La buona fede comporta la convinzione di un soggetto di agire in maniera corretta, cioè senza malizia e nel sostanziale rispetto delle regole e di non ledere nessuno:va da se’che il contribuente non può limitarsi alla sola esibizione dei mezzi di pagamento o dei documenti contabili,in quanto riscontri regolarmente posti in essere da coloro che intendono perpetrare una frode, proprio per non destare particolari sospetti (cfr CTR Lombardia sez. 14 n. 1554/18).

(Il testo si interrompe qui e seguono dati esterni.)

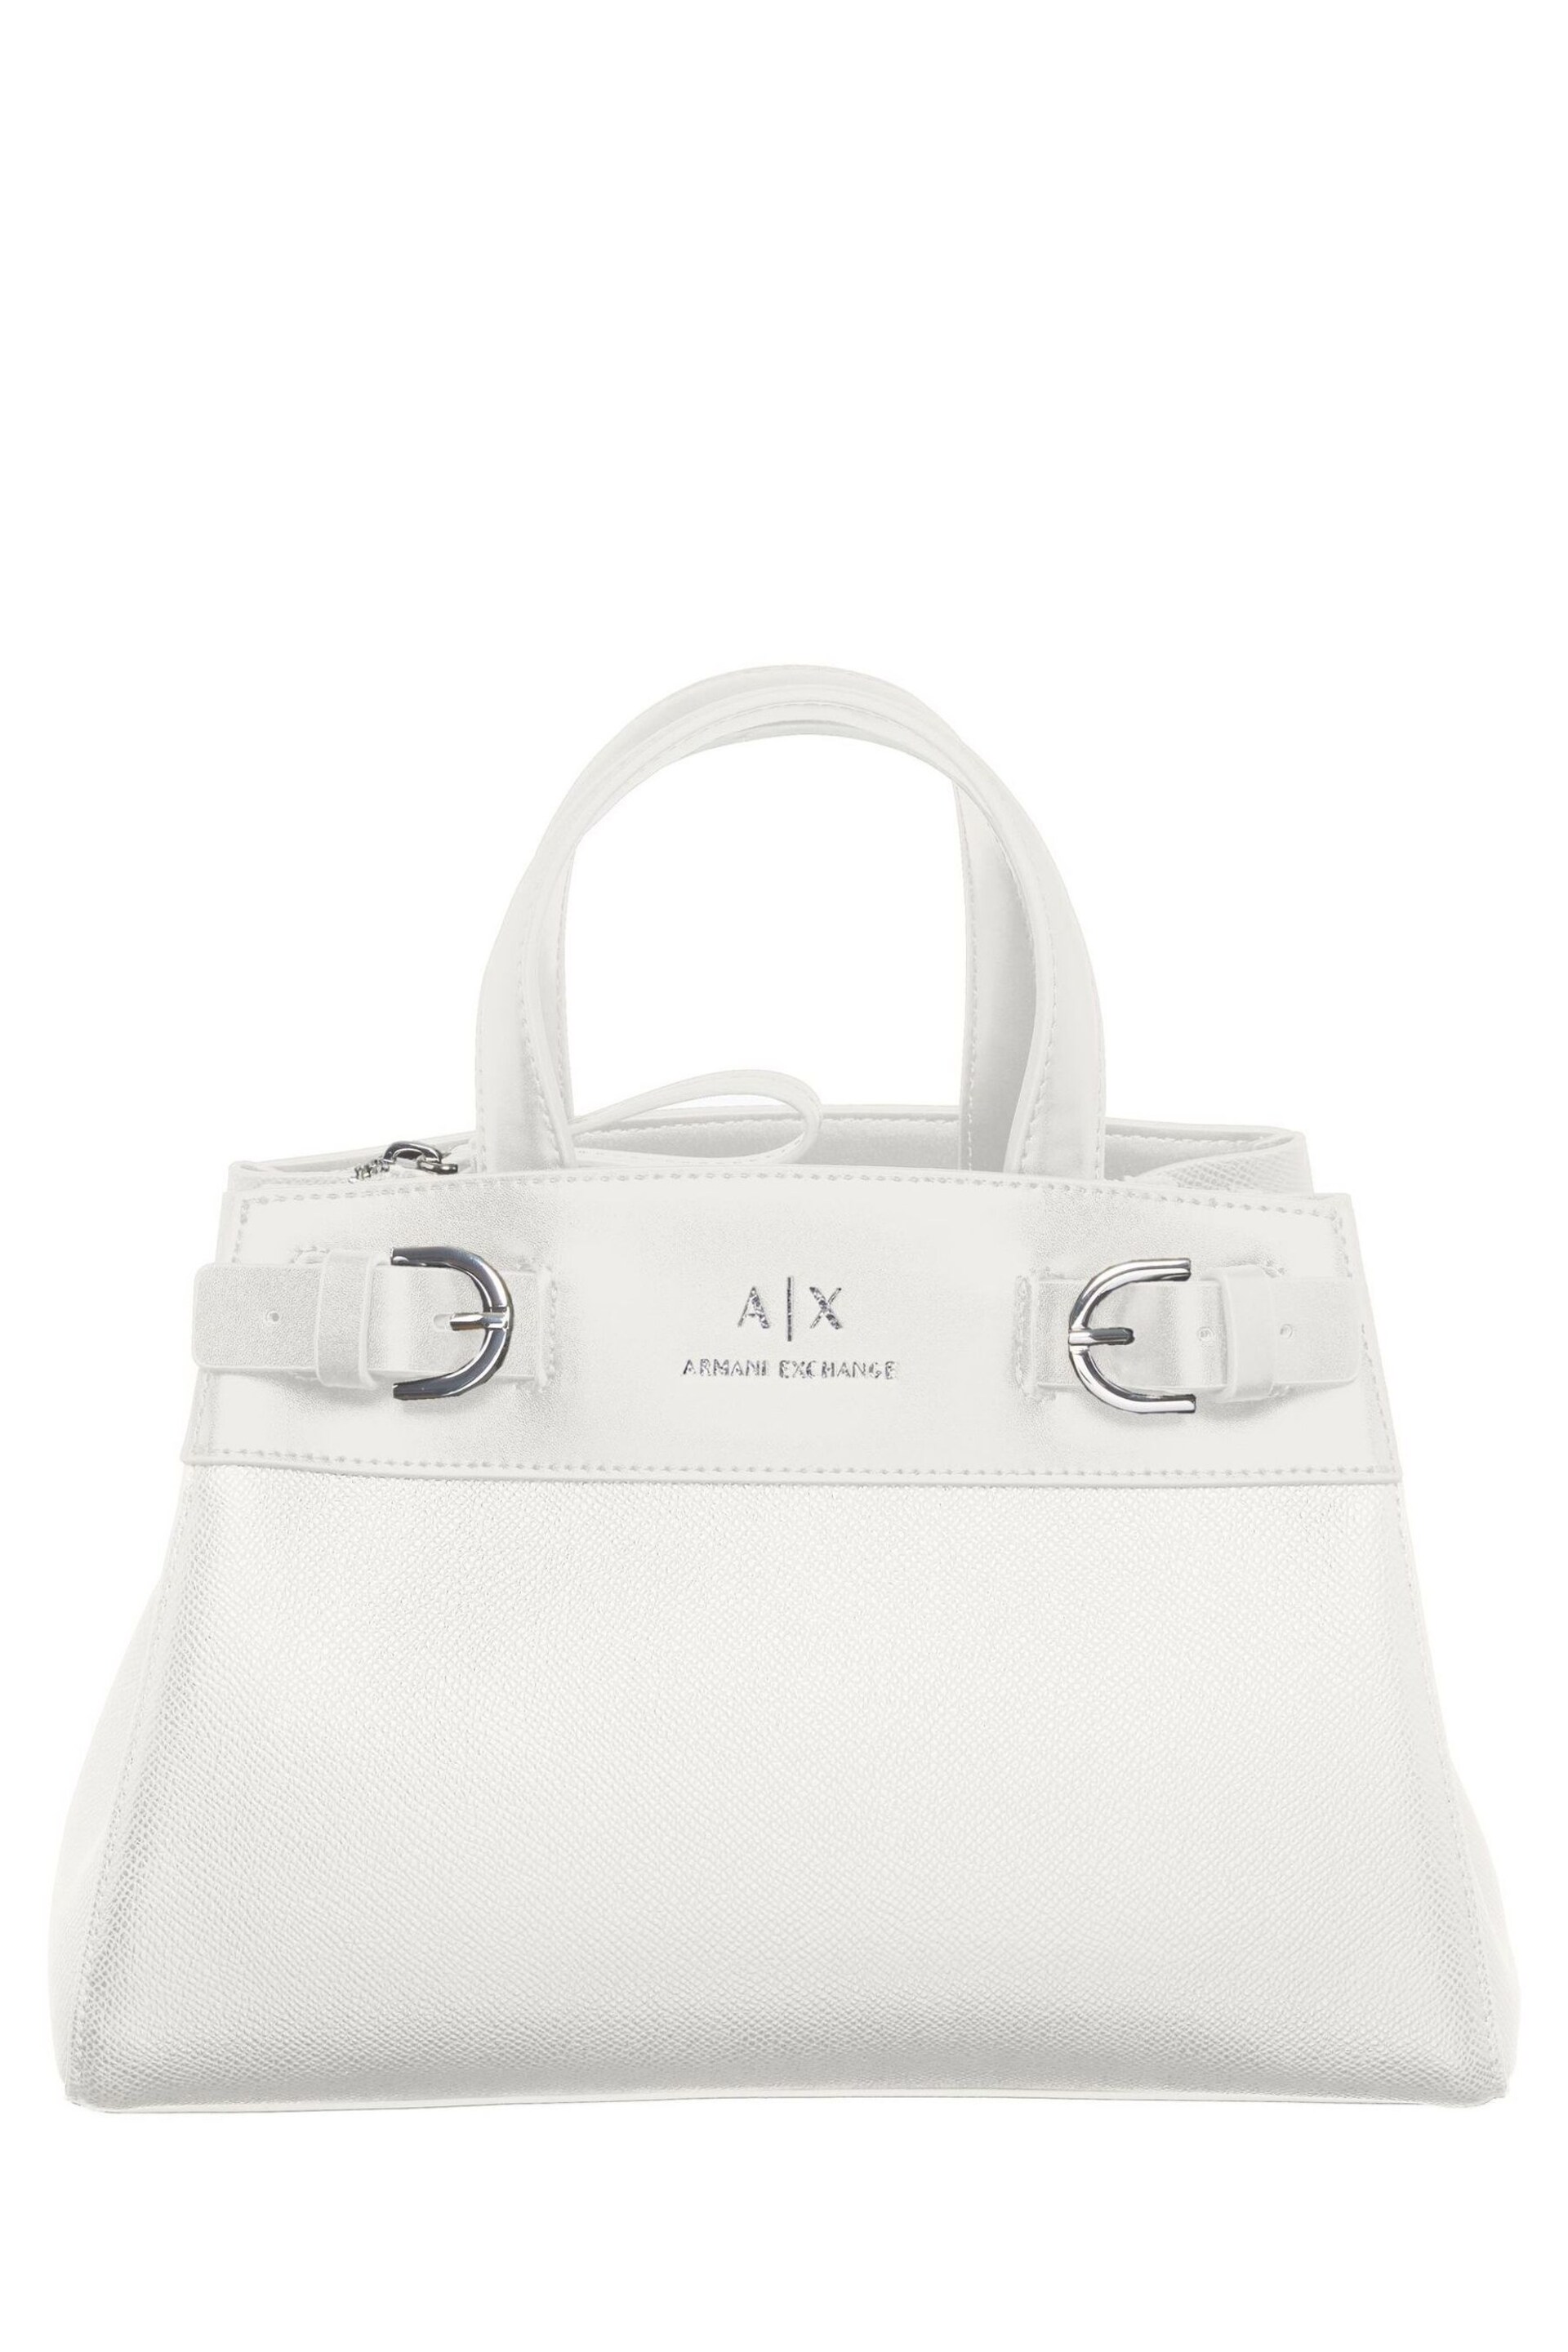 Armani Exchange Small Leather White Handbag - Image 1 of 1

Ai fini della valutazione della buona fede secondo la Corte di Cassazione e la Corte di Giustizia europea occorre esibire i documenti contabili, dimostrare che i predetti documenti provengono da un soggetto realmente esistente,provare l’esistenza della sede sociale, di locali adibiti all’impresa,la presenza di titolari e/o dipendenti presso l’impresa, dimostrare che l’acquirente non ha ottenuto alcun vantaggio o benefico economico dall’eventuale frode cui ha partecipato il venditore (beni a prezzi inferiori,ristorno di pagamenti fatti per contanti etc.) ed attestare l’utilizzo di modalità di pagamento tracciabili (bonifici,assegni etc).

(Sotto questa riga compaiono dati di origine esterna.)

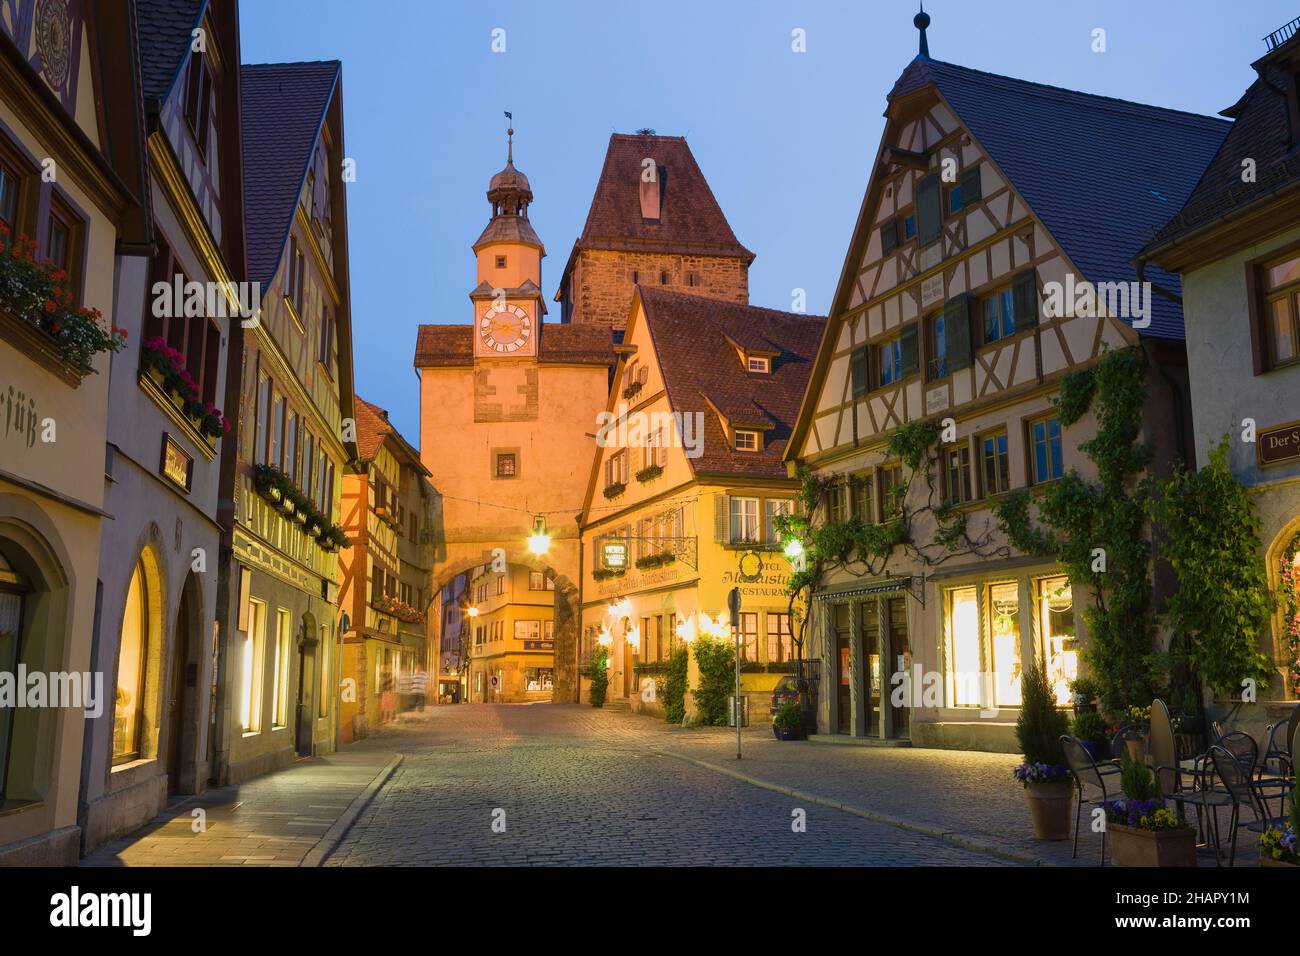 Calle medieval que conduce a Markusturm, Rothenburg ob der Tauber, Franconia, Baviera, Alemania Foto de stock

In definitiva di fronte ad un accertamento del agenzia volto a contestare la falsa fatturazione per operazioni inesistenti in modo da recuperare costi indeducibili ed IVA indetraibile(oltre le sanzioni) è l’amministrazione finanziaria a dover provare l’asserita inesistenza,considerando che i mezzi istruttori di cui si serve normalmente il contribuente per vincere la pretesa erariale,le fatture appunto, non possono essere invocate a sua favore in quanto affette da falsità ideologica. In seguito all’assolvimento da parte dell’Ufficio del predetto onere probatorio, quest’ultimo si sposta in capo al contribuente: nel caso di operazioni asseritamente inesistenti sotto il profilo oggettivo,il contribuente è chiamato a dimostrare l’effettività delle transazioni tramite qualsiasi elemento idoneo ad attestare l’esistenza delle merci,la relativa movimentazione ed i correlati flussi di pagamento. In ipotesi di contestazione di fatture false per operazioni soggettivamente inesistenti,il contribuente dovrà dare la prova che la transazione si è concretamente svolta tra i soggetti indicati in fattura, o in alternativa,che non sapeva nè avrebbe potuto sapere ,neppure utilizzando la buona diligenza, della frode posta in essere dai propri fornitori o dagli operatori rintracciabili a monte della filiera (cfr Il Sole 24 ore 15/06/2018 avv. G.Marzo-I. Barbieri)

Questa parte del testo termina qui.